RECENT ACCOUNTING PRONOUNCEMENTS

      In December 2003, the FASB revised FIN No. 46, “Consolidation of Variable Interest Entities”, which clarifies the application of Accounting Research Bulletin No. 51 “Consolidated Financial Statements” to those entities (defined as VIEs) in which either the equity at risk is not sufficient to permit that entity to finance its activities without additional subordinated financial support from other parties, or equity investors lack voting control, an obligation to absorb expected losses or the right to receive expected residual returns. FIN No. 46(R) requires consolidation by a business of VIEs in which it is the primary beneficiary. The primary beneficiary is defined as the party that has exposure to the majority of the expected losses and/or expected residual returns of the VIE. FIN No. 46(R) was effective for the company in the first quarter, and there was no material impact on its financial position, results of operations or cash flows from adoption. In Canada, Accounting Guideline 15 (“AcG-15”), “Consolidation of Variable Interest Entities”, is harmonized with FIN No. 46(R). The CICA has recently amended AcG-15 in an effort to clarify certain issues. The amended guideline is effective for all annual and interim periods beginning on or after November 1, 2004. The company does not expect application of the guideline to have a material impact on its consolidated financial statements.

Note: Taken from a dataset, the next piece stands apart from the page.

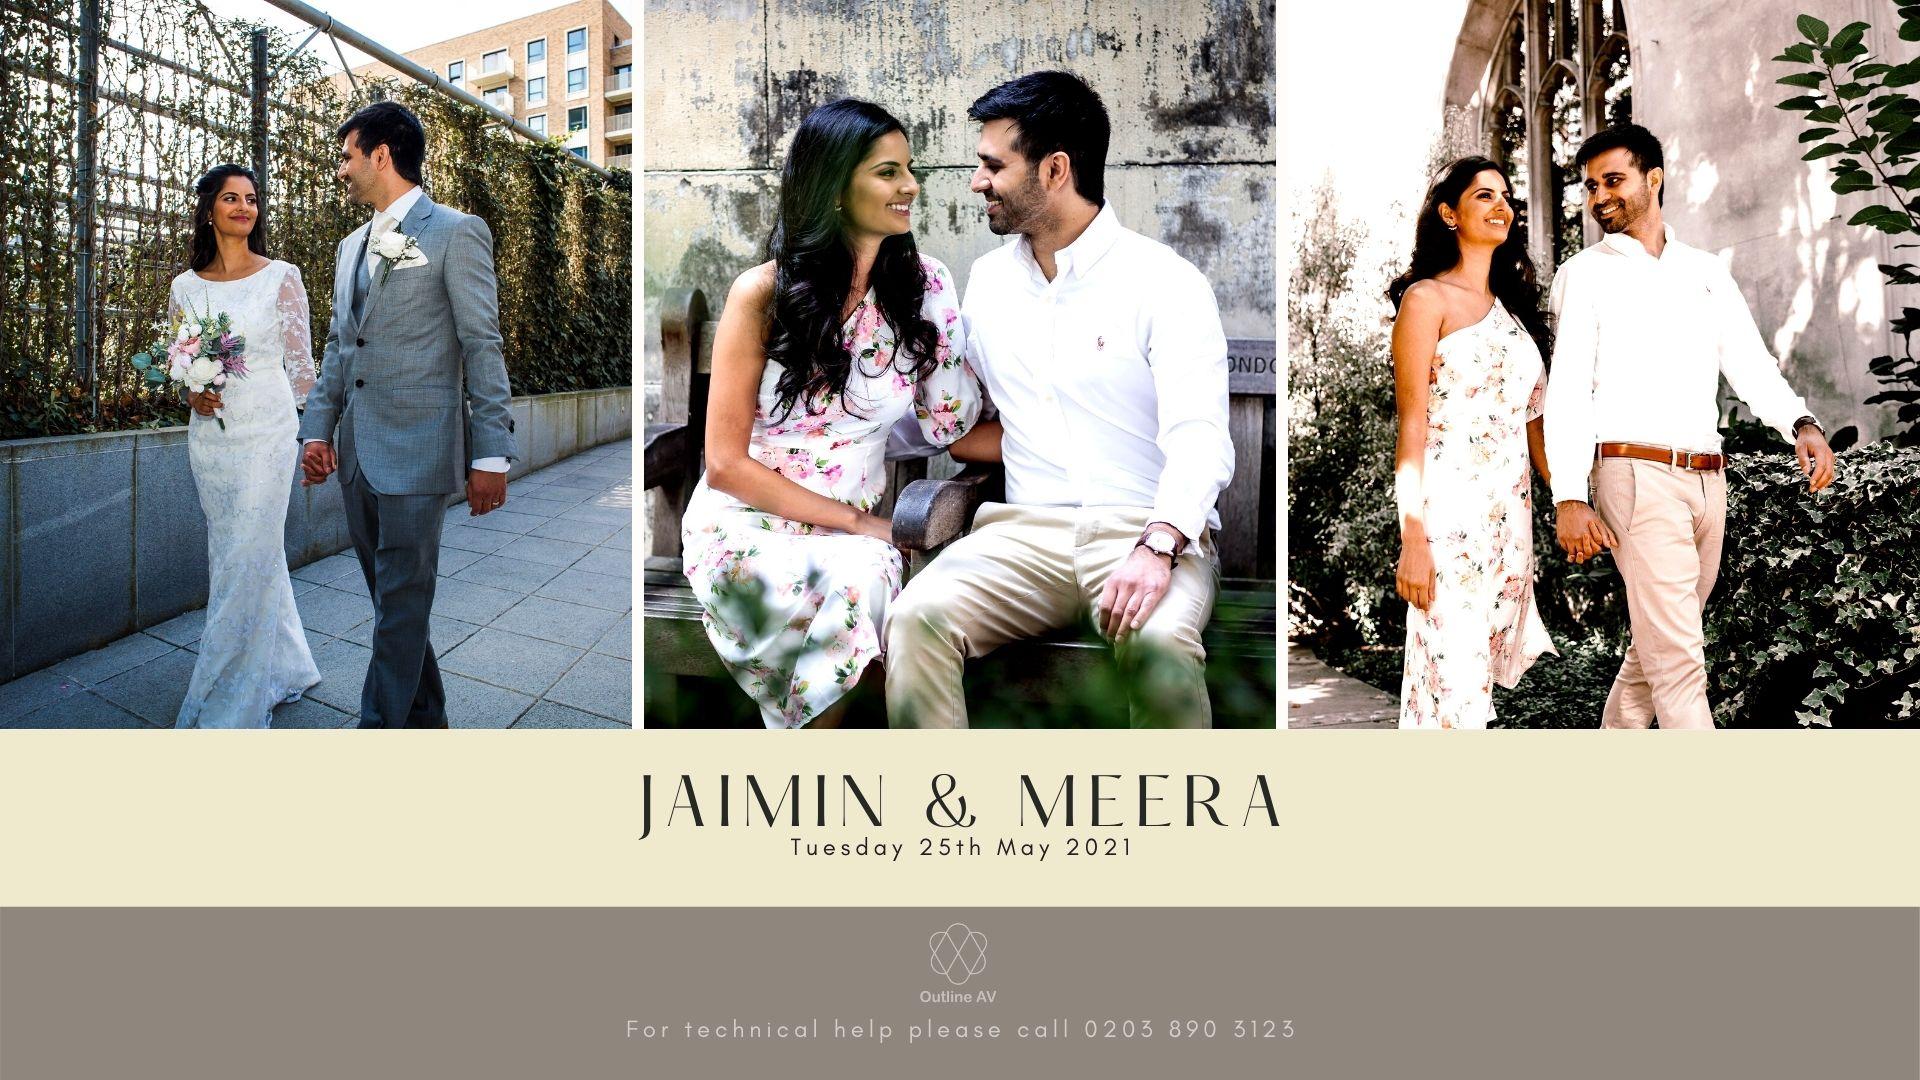 Jaimin & Meera - Live Stream

      In December 2003, the Medicare Prescription Drug Improvement and Modernization Act of 2003 (the “Act”) was signed into law in the US. The Act introduced a prescription drug benefit under Medicare (Medicare Part D) as well as a federal subsidy to sponsors of retiree health care benefit plans that provide a benefit that is at least actuarially equivalent to Medicare Part D. In May 2004, FASB Staff Position (“FSP”) No. 106-2, “Accounting and Disclosure Requirements Related to the Medicare Prescription Drug, Improvement and Modernization Act of 2003” was issued. FSP No. 106-2 supersedes FSP No. 106-1 of the same title, and provides guidance on the accounting, disclosure and transition related to the Act. The company applied the provisions of the FSP prospectively as of July 1, 2004. The federal subsidy had the effect of reducing the company’s accumulated post-retirement benefit obligation by $26.9 million and did not have a significant impact on the measurement of the net periodic post-retirement benefit cost for the period.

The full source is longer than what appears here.